Semantic GitHub repository discovery for people who need the right project, not the most famous one.
Search by intent. Rank by fit, evidence, health, risk, and underrated potential.
GitHub search is excellent when you already know the right keywords. It is weaker when you know the job you need done but not the exact repository name, ecosystem wording, or hidden-gem project.
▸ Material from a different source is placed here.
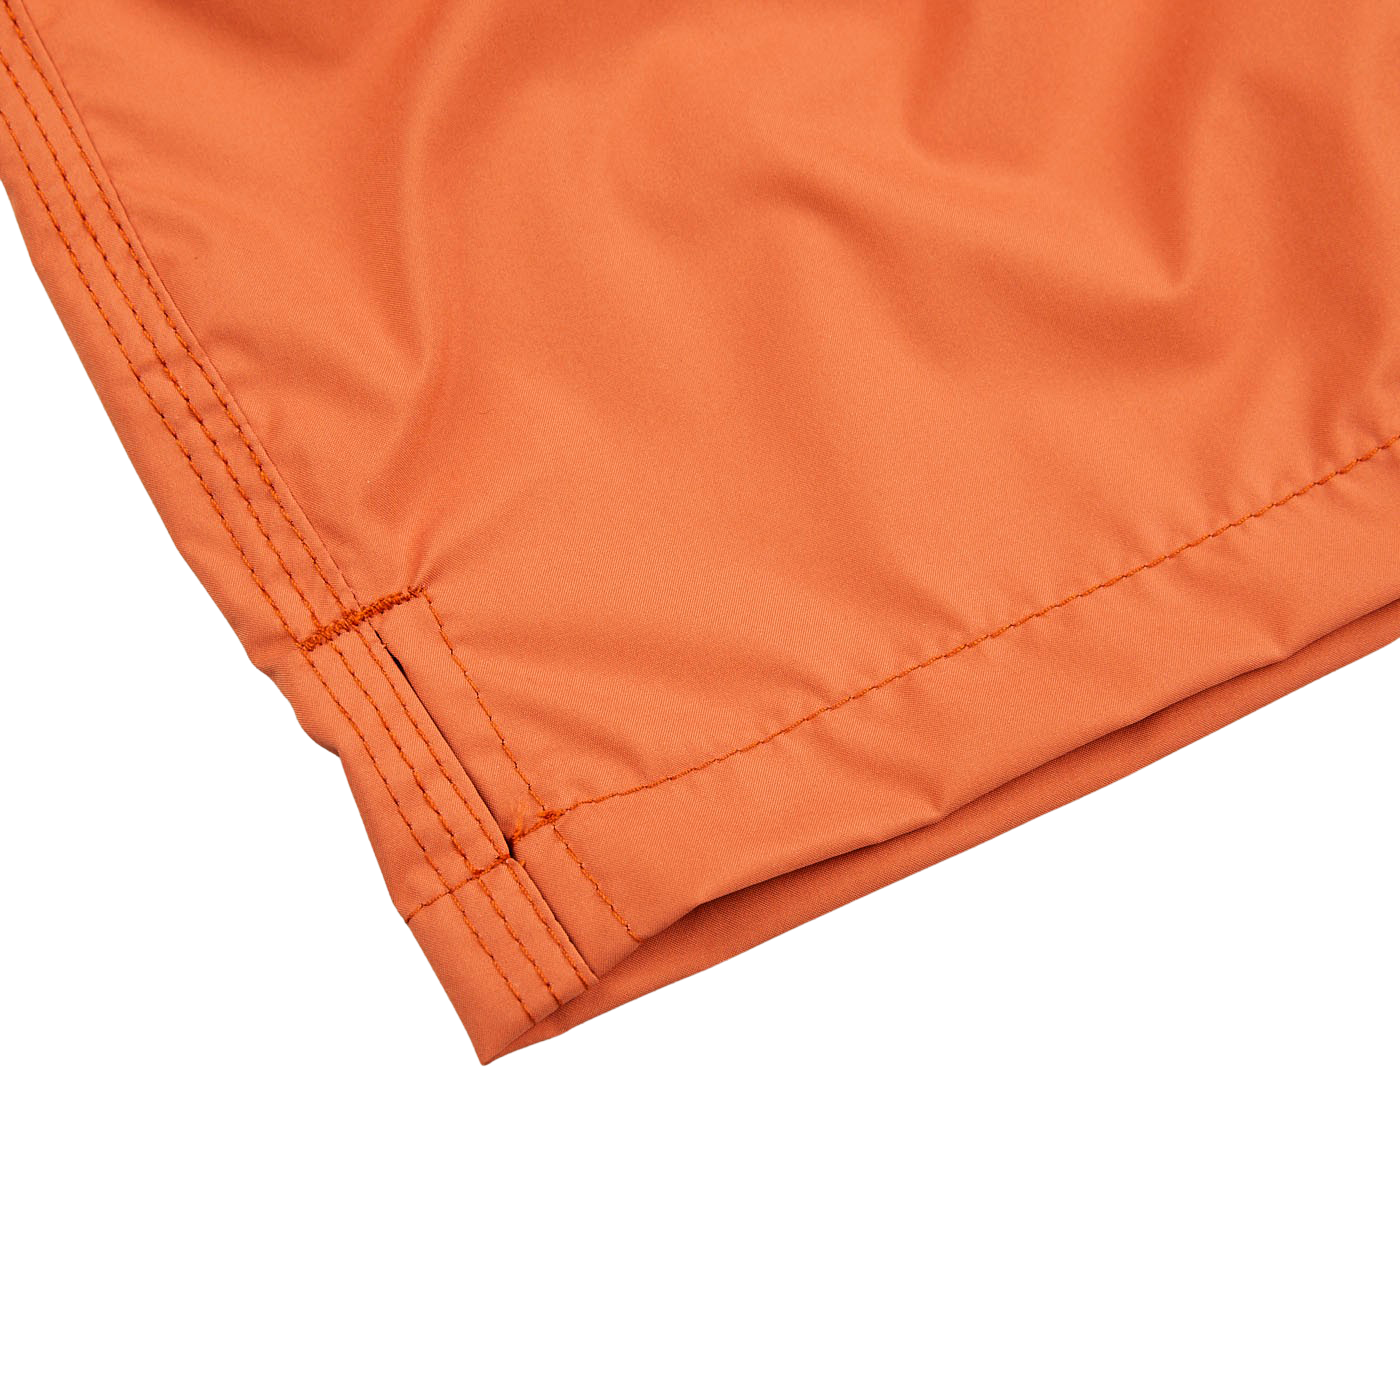 A pair of Fedeli Rust Brown Microfiber Madeira Swim Shorts with a mesh lining, placed on a white surface.

RepoRadar turns a plain-English need into an inspectable shortlist. It searches broadly, narrows with local semantic signals, enriches survivors with repository evidence, and ranks them by usefulness rather than popularity alone.
| Area | RepoRadar does |
|---|---|
| Input | Natural-language repository search with filters |
| Output | Ranked repositories with evidence, risks, and comparisons |
| Ranking | Fit, Future, Underrated, and risk signals |
| Evidence | README, manifests, releases, issues, PRs, contributors, stars, forks, topics |
| Stack | Next.js, TypeScript, Prisma, PostgreSQL, pgvector, Octokit |
| Runtime | Local embeddings first, optional LLM explanation second |
| Search time | Fresh searches usually take about 60-70 seconds |
| Deploy | Railway-friendly, self-hostable, no paid services required in NO_LLM_MODE=true |
- Search by capability instead of keyword luck.
- Find smaller projects that are healthy but not yet famous.
- Compare repositories with the evidence visible.
- See why a repo ranked highly, what it is missing, and what risks to inspect.
- Keep LLMs out of raw fact collection: GitHub data is fetched directly, then explained.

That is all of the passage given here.